The following anecdote has been handed down concerning him:

A captain, Wirttus, master of an English vessel, was wrecked on the island, and started for Coll's castle, where, seeing the laird sitting with a bible in one hand, and a harp placed by his side, was so struck by the venerable appearance of the old gentleman and his occupation, that he exclaimed with admiration, "Is this king David again restored to earth?"

He was very temperate, as appears from his refusing to visit a friend of his in the isle of Skye, who promised to give up the evidence of a debt he had against the family if he would come but one night to his house and make merry with him. Coll's friends urged him to go, but he replied that he would not become intoxicated once for any consideration, which, if he went, he could not evade without disobliging his friend. This temperance and his piety were exhibited during the whole course of his life.
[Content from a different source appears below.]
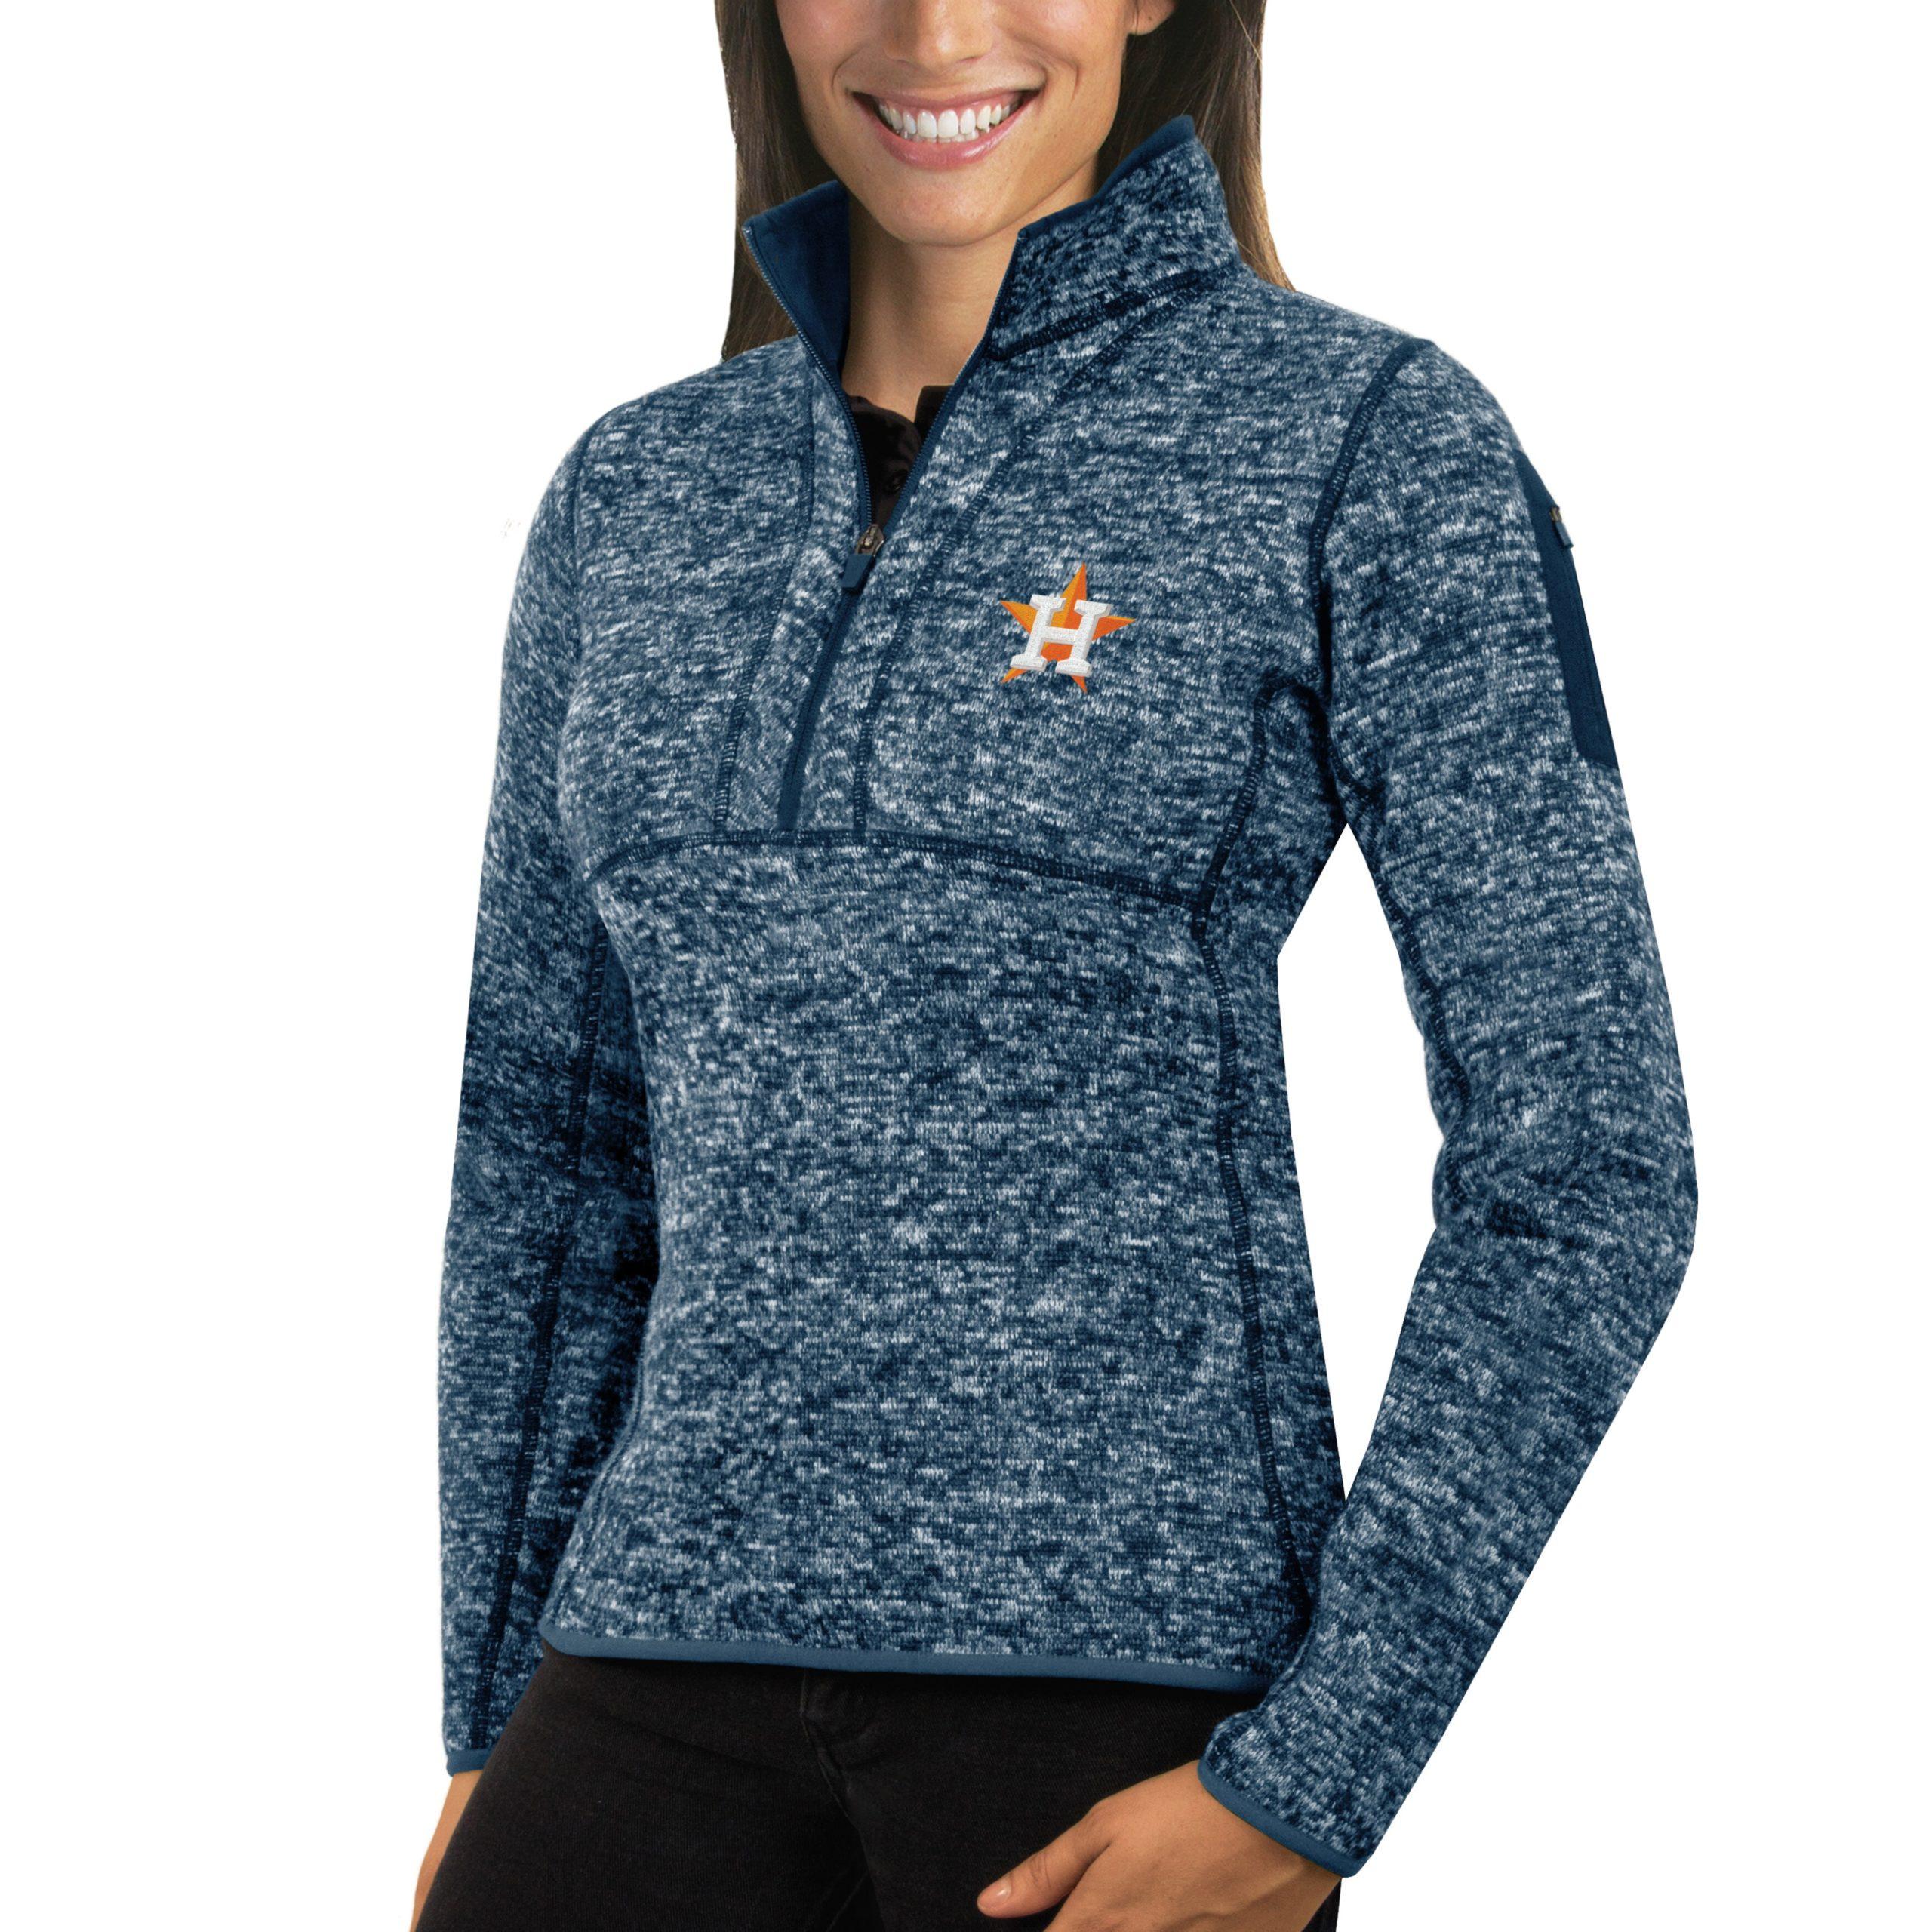 Houston Astros Antigua Women's Fortune Half-Zip Pullover Sweater - Heathered Navy

He was first married to Florence, daughter of Sir Dugald Campbell of Auchnabreck, by whom he had:
- Hector Roy Maclean, The eldest son, Hector Roy, married Marian, daughter of Hector Maclean, 2nd Laird of Torloisk. He died before his father, leaving issue two sons, Lachlan Maclean, 8th Laird of Coll and Donald, and four daughters. Margaret, married first to Allan Stewart of Appin, and afterward to Donald MacLean of Kingerloch; Catherine, married to Hector MacLean of isle of Muck; Jannet, married to Hector, fifth son of Charles MacLean of Ardnacross; and Una, married to John MacLean of Achanasaul.
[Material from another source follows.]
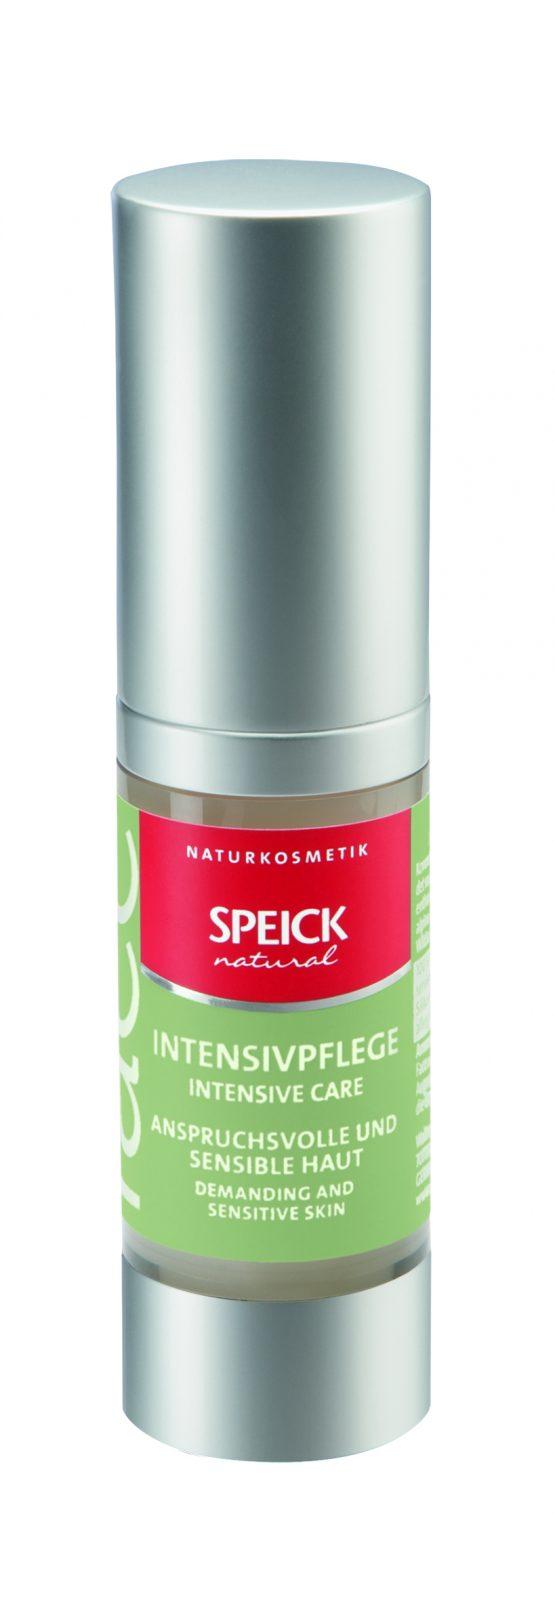 speick_nf-serum_300dpi

- Others were John of Totaranald, Hugh, killed at Inverkeithing, Florence, married to Donald Maclean, 1st Laird of Brolas, Jannet, married to Alexander MacDonald of Achdir, and Una, first married to John MacLean of Kinlochaline, and again to Duncan Stewart of Ardshie.
He was a second time married to Florence, daughter of the second Hector Og Maclean, by whom he had one daughter:
- Catherine, married to Lachlan MacQuarrie of Ulva.